The existing tooth flushing device mainly cleans teeth through high-pressure water flow. That is, the high pressure water flow can enter the lumen without obstruction to complete the cleaning operation. The oral cavity is like a large bacteria storage place, and if some microorganisms adhered to the surfaces of teeth cannot be cleaned in time, dental plaque can be formed, and can not be removed through tooth brushing and mouth rinsing, and periodontitis can be caused in serious cases. Because the high-pressure water flow ejected by the tooth flushing device can go deep into the gaps between teeth, bacteria in the gaps between teeth and gullies of gum can be removed, and the best cleaning effect can be achieved. Different tooth rinsers currently generate high-pressure water flow in different ways, such as: the tooth flusher product of Philips utilizes short and strong air injection to bring out water spray, and the tooth flusher product loosened utilizes ultrasonic waves to spray continuous high-pressure water flow and pulse high-pressure water flow. For pulsed high pressure water flow, the manner of generating high pressure water flow is: during the movement of the gear piston driven by the motor, a water pump is generated to spray high-pressure water flow under huge pressure.
The existing tooth flushing device has the following defects: in the process of continuously pumping water by the water pump, the water level in the water tank of the tooth flushing device is continuously reduced. Along with the reduction of the water level, the pressure intensity of a water pipe for pumping water at the bottom of the water tank is also gradually reduced, so that the current of the motor is reduced in a loaded state, the tooth flushing force is weakened, and the tooth flushing effect of the tooth flushing device is weakened under the condition that the water level of the water tank is low.

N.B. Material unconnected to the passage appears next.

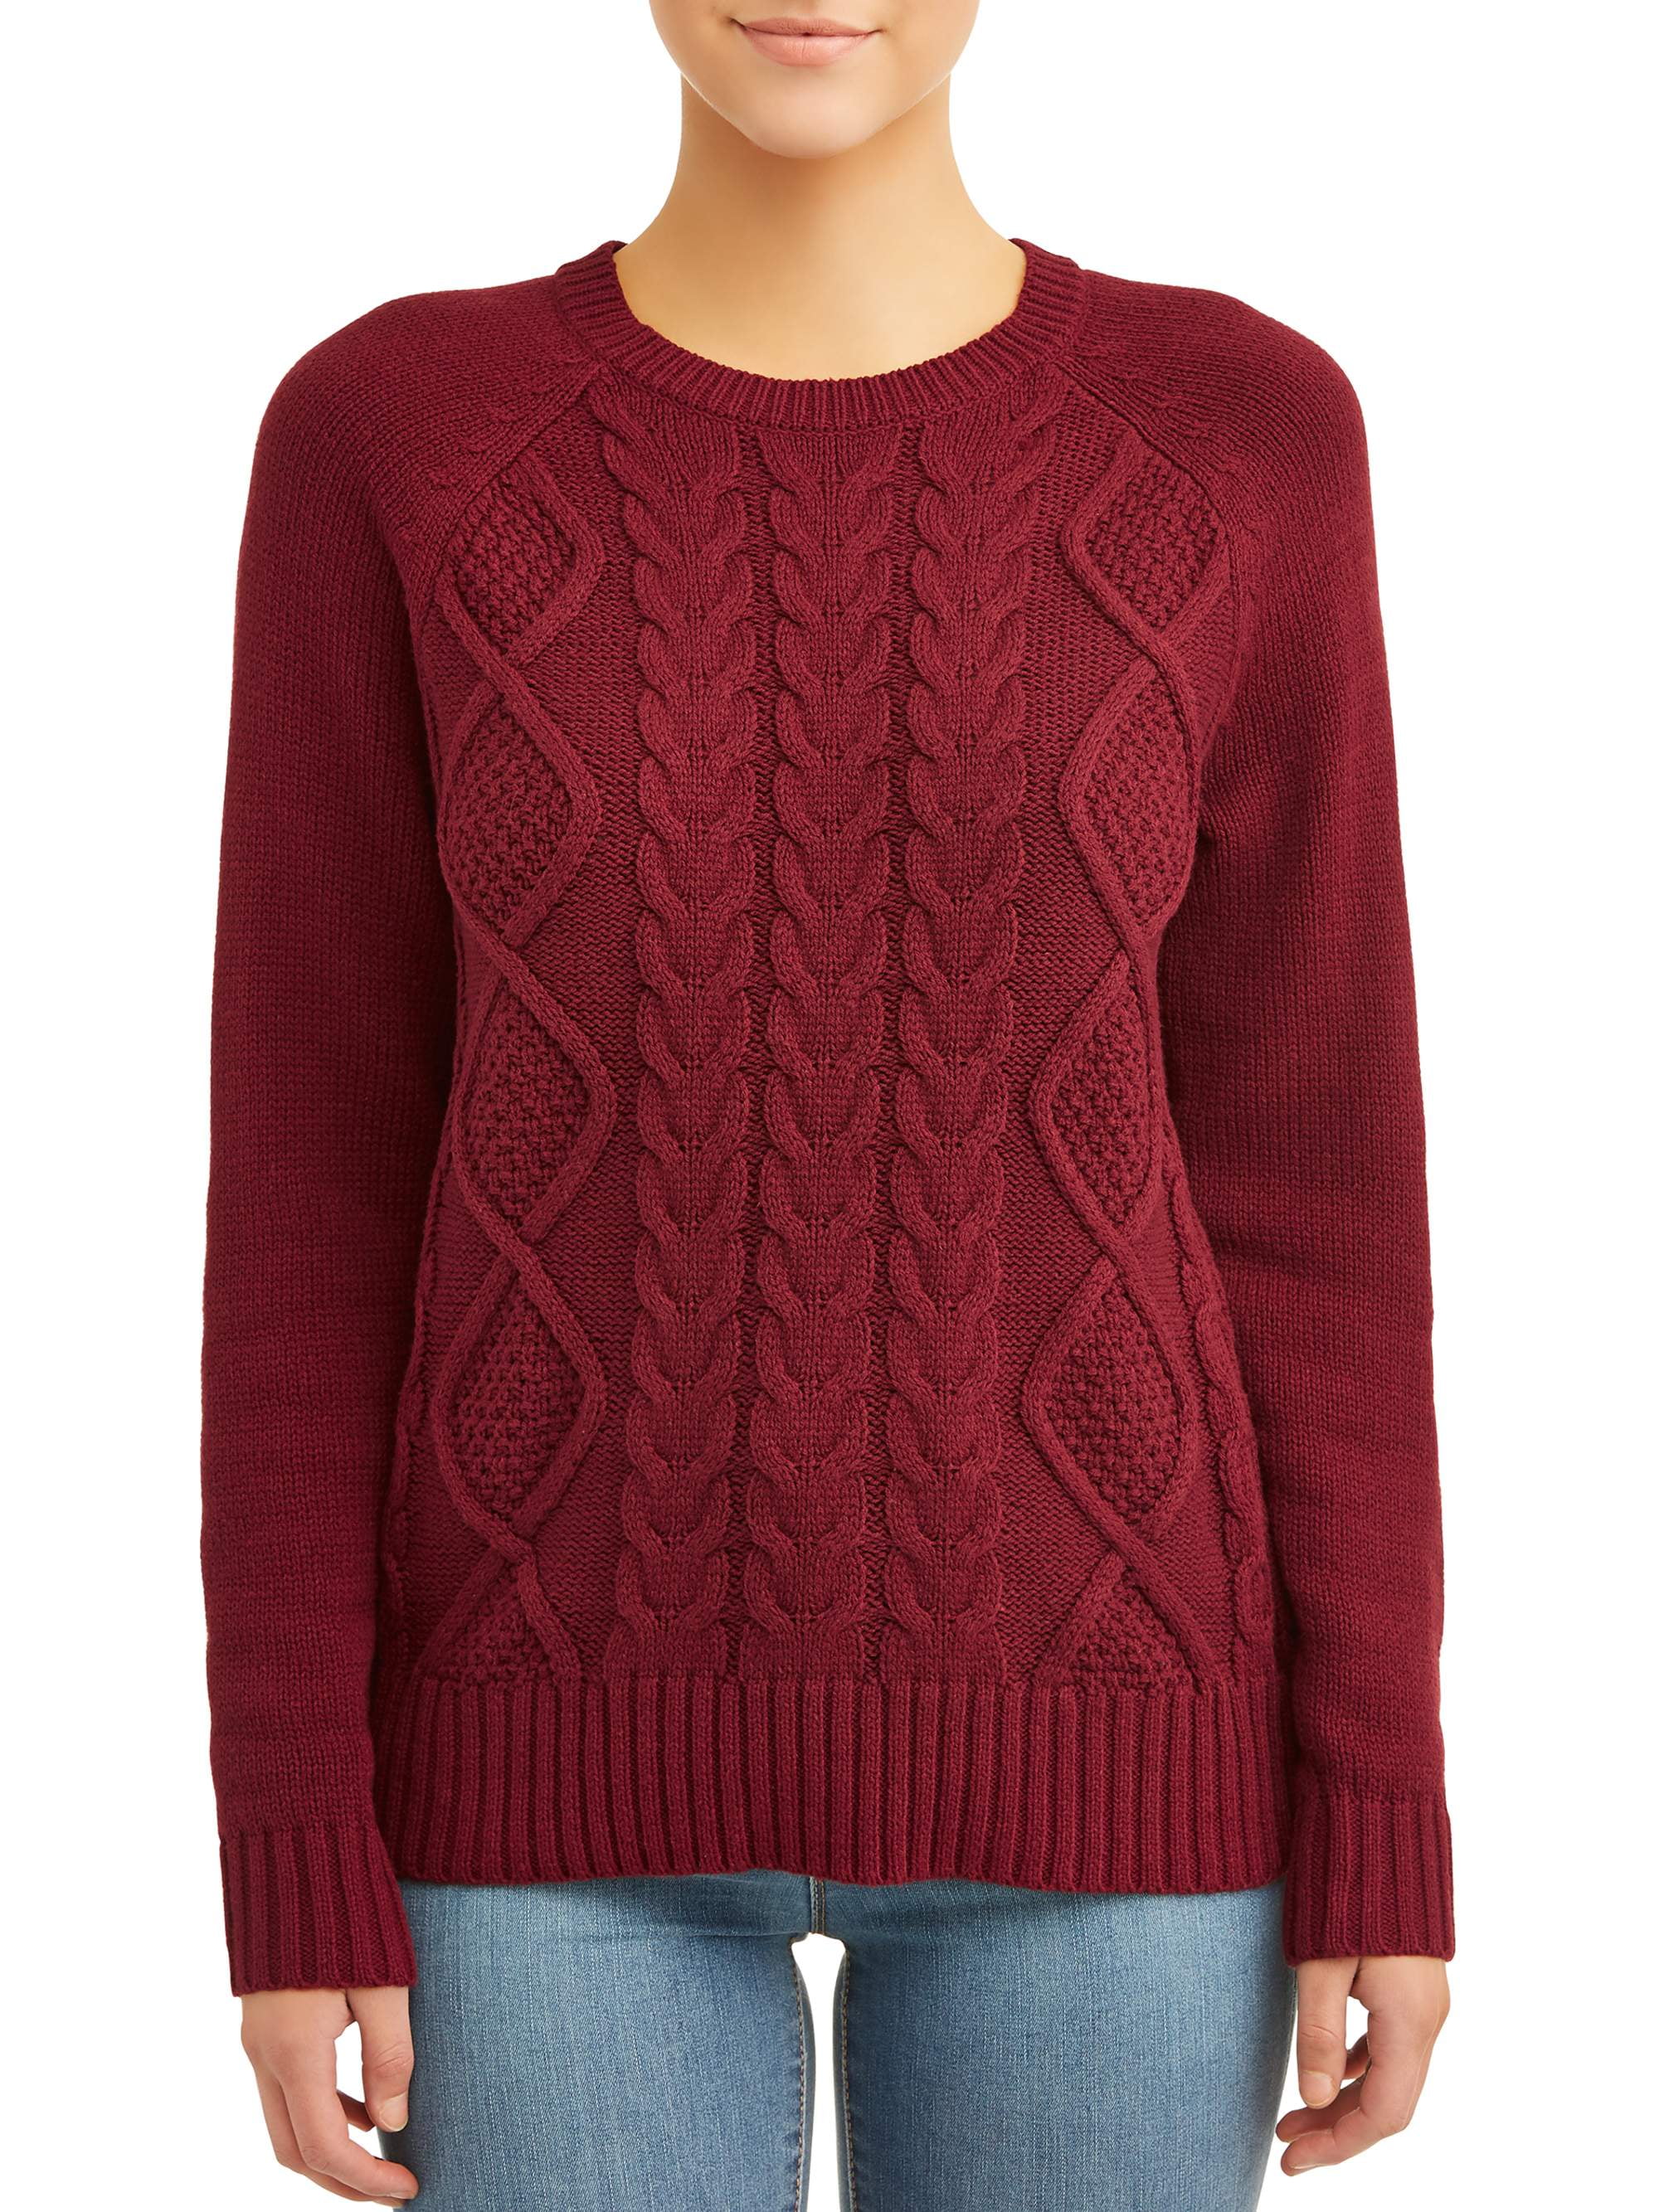 Jillian Nicole Women's Cableknit Sweater - Walmart.com

In conclusion, the existing tooth flushing device has the technical problems that the water outlet effect is poor due to unstable output current of the motor, the tooth flushing force is unstable, and the tooth flushing experience of a user is poor. Based on this, the utility model provides a pair of current control system and towards tooth ware can realize closed loop feedback through voltage current detection circuit, the size of self-adaptation adjustment motor input current to the output current who makes the motor is stable, is applied to towards tooth ware with this current control system, can guarantee that the output current of motor is stable, and then can make the play water of towards tooth ware effectual, and it is stable to dash the tooth dynamics, promotes the user and dashes tooth and experience.
For the convenience of understanding the present embodiment, a detailed description will be given of a current control system disclosed in an embodiment of the present invention.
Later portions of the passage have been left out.